Recognizing copies of paintings – Report II

In this second blog post we are going to present all the results achieved so far as well as the changes which have been made regarding some aspects of our project.

The Database

A new database of paintings has been provided since the previous one was composed by few images, making machine learning techniques almost inapplicable. The new collection gathers about 36,000 elements which have been manually analysed rejecting all the inappropriate images. Indeed this archive contains a huge number of  images we are not interested in such as photos of sculptures, buildings and representation of objects that are not suitable for our purposes.  At the same time also paintings depicting too crowded scenes have been removed because the extraction of skeletons would have been greatly complicated.

While browsing through the database the recurrence of particular religious motives has been detected. For instance, the most frequent are Christ on the Cross, Madonna with Child and the dead Christ [Fig 1,2,3]. For this reason we decided to focus on the recognition of these motives which theoretically should be identified as different clusters by our algorithm. Since it makes no sense to previously define the clusters which the algorithm is supposed to find out, several “noise” images have been considered.

christ_2
Fig 2: Christ 1
Madonna
Fig 1: Madonna

 

christ_1
Fig 3: Christ 2
Processing the data

Since the database has been completed we concentrated our attention on the final realization of the Matlab interface. Considering that the interface has been shown in the previous blog post, we are now going to describe the data saving process. For each uploaded painting a text file, with the corresponding name, is created.

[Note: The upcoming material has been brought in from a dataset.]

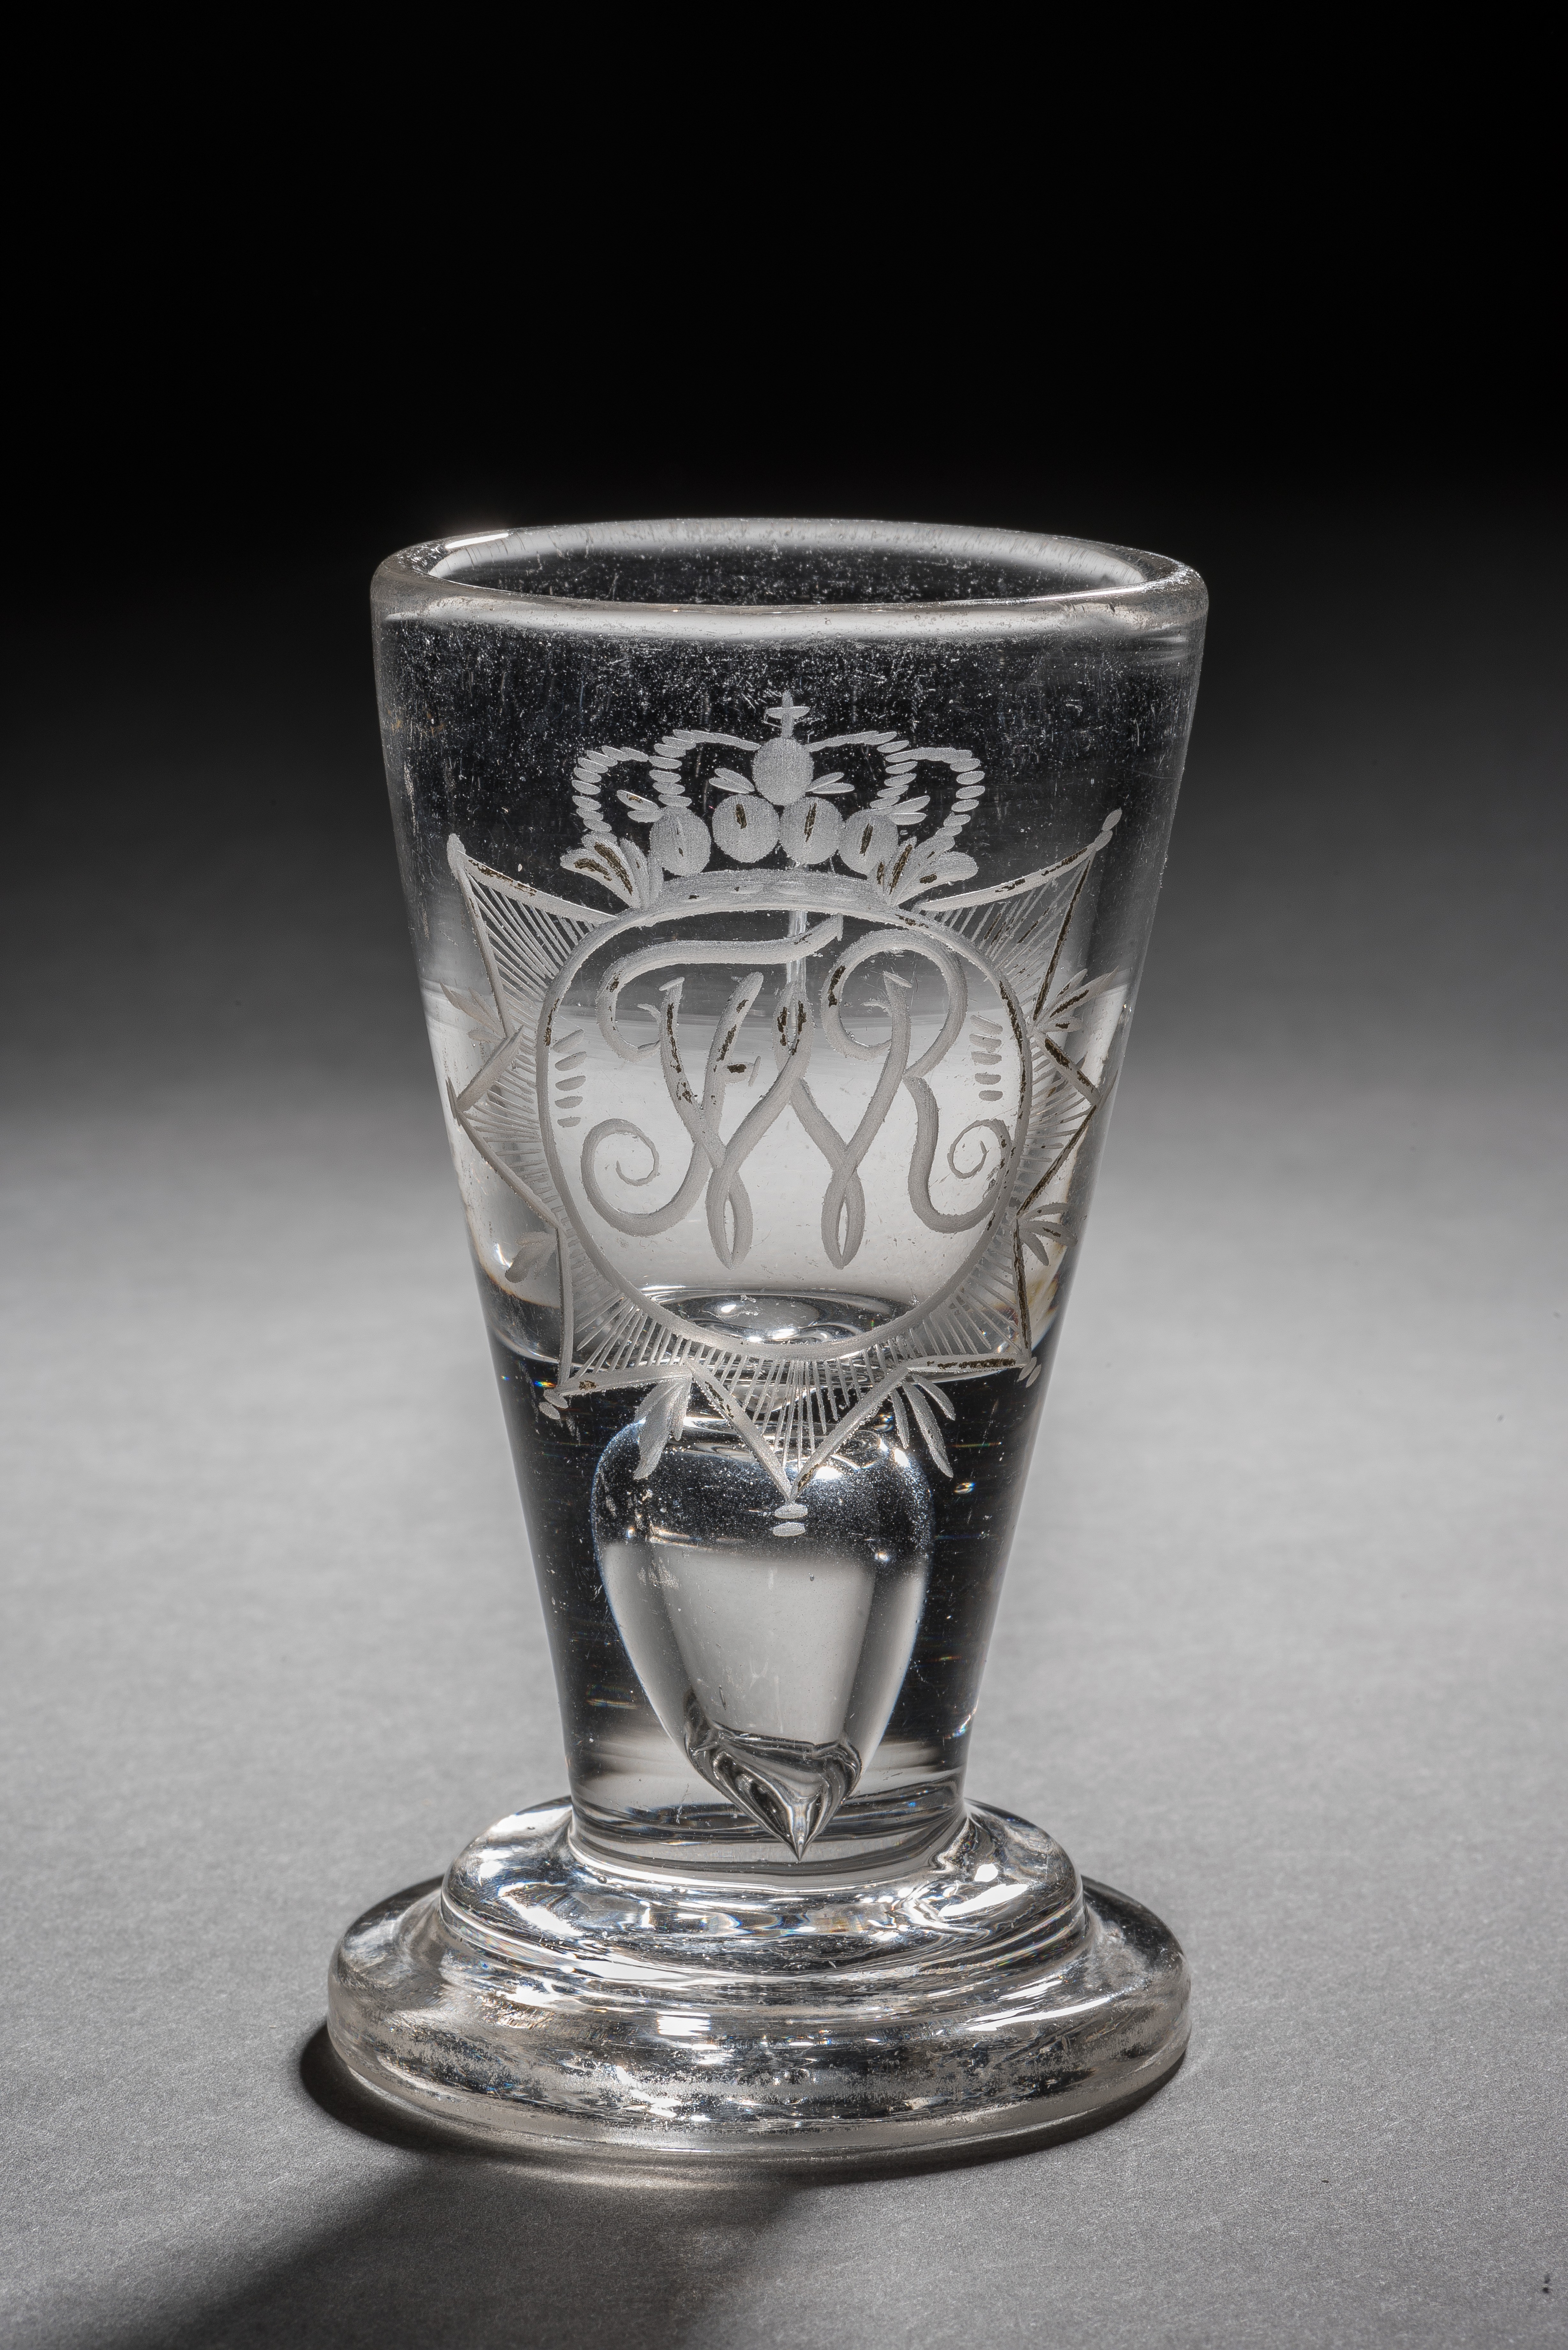 Branntweinglas "Wachtmeister" mit Monogramm FWR, XIII 709. (Stiftung Preußische Schlösser und Gärten Berlin-Brandenburg CC BY-NC-SA)

This file contains matrices with body parts as rows and coordinates as columns [Fig 4]. For those skeletons that are not completely defined (some vertices are missing because of hidden parts) a NaN value is introduced in the matrix. The choice of using NaN values is due to a rigorous definition of the matrix and to immediately visualize the missing points just looking at the text file. It is clear that these points will be erased before launching the clustering algorithm.

Once all the data (coordinates) have been gathered it is necessary to process them in order to obtain comparable skeletons (for instance to avoid zooming problems). This goal can be achieved by implementing an appropriate normalization method which will be performed with respect to the distance between the head and the abdomen. This parameter has been chosen because it represents a good indicator describing the body size. In addition the use of a relative reference frame, centred on the head, is required to carry out this step.

skeleton matrix
Fig 4: skeleton associated matrix
Machine learning techniques

With all have been said, the most important step is to define an algorithm able to process input data and give as output accurate results. Such outputs will represent clusters of skeletons based on recurrent motives and poses.

Several machine learning techniques are nowadays used to perform this clustering analysis, among those one of the most common is called K-means.

K-means aims to partition N observations into K clusters (with K<N) and each observation belongs to only one of these groups.

The accuracy of this method is strictly related to the effectiveness of the representation of the input data (skeletons in our case).Our idea is to use the coordinates of the body parts as input of the algorithm. The coordinates, as previously said, will be referred to a local reference frame that will be centred on the head for example.

At this point we have tested this idea with a few skeletons and we are still trying to assess its reliability. Once we will have harvested more results we will be able to decide whether to keep this representation or not.